There are unquestionably some challenges with cooking in Savannah, as Bailey was quick to discover. Firstly, the supply-order chain simply works at a different speed than in New York City. When Bailey wanted to place an order at Prune, it could be done in a Manhattan minute. In Savannah? Not so much. “I’m not used to ordering in stuff by 8 p.m.,” she says. “That’s when you get your run and it’s when you figure out if you need something for the next day. So, that took a lot of adapting.”
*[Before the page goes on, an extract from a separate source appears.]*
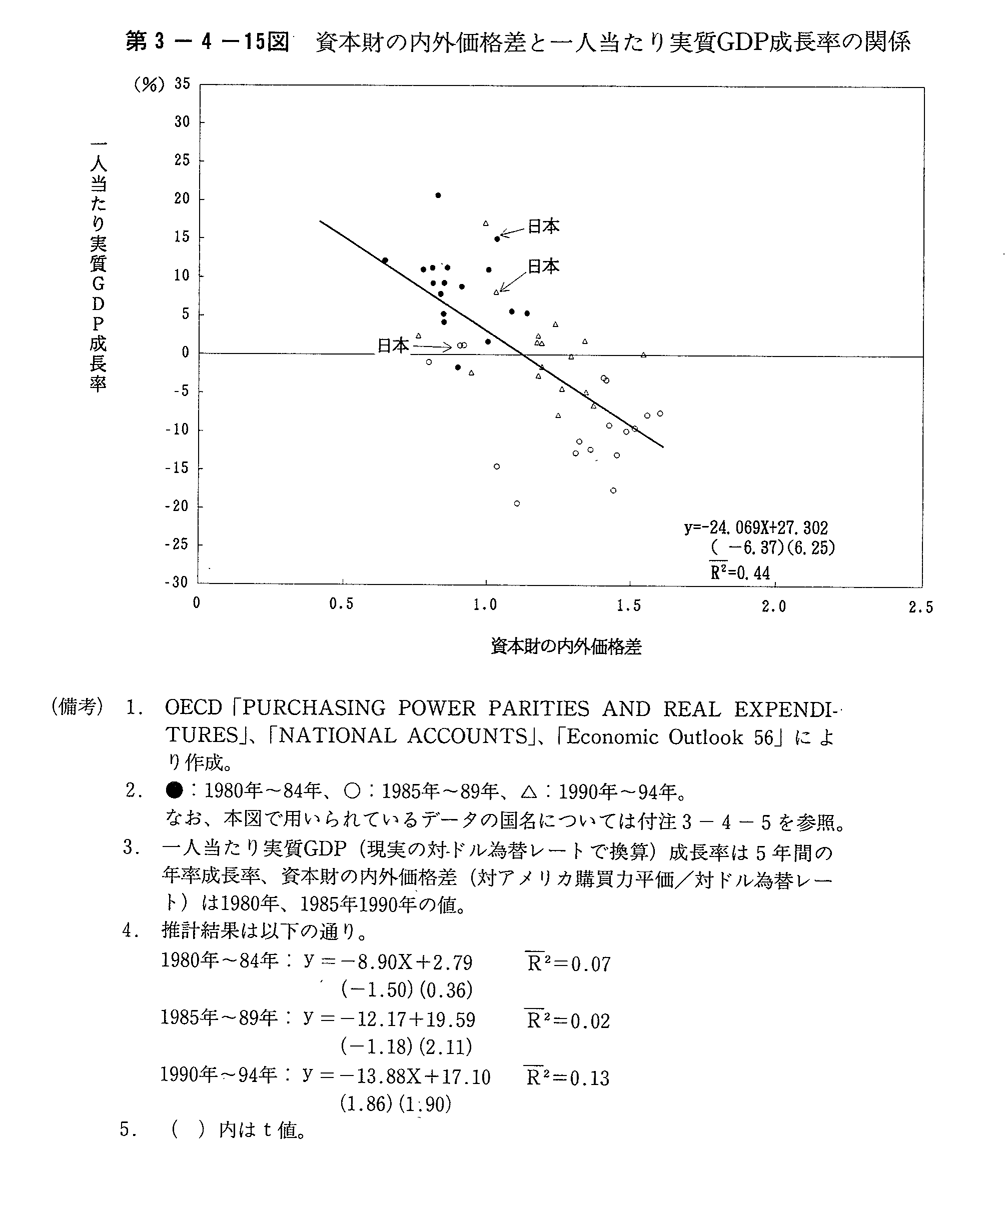 第3-4-15図 資本財の内外価格差と一人当たり実質GDP成長率の関係

The same was true of finding the local suppliers, a task made easier when she connected with Cynthia Hayes, the executive director of the Southeastern African-American Farmers Organic Network, who won the James Beard: Leadership Award in 2015. Logistics taken care of, Bailey also had the added pressure of sudden kitchen spotlight. She says she’s not as strict as Hamilton was (“Although my staff might not agree,”) and is still figuring out how to identify the right kind of talent. Bailey’s standards, though, are measured in miles per hour.

“All you have to do is keep up; that’s it. I will teach you everything else. You have to walk as fast as me, or even walk a little bit faster. Because I’m tall, I have long legs and I can really move,” says the 6-foot Bailey.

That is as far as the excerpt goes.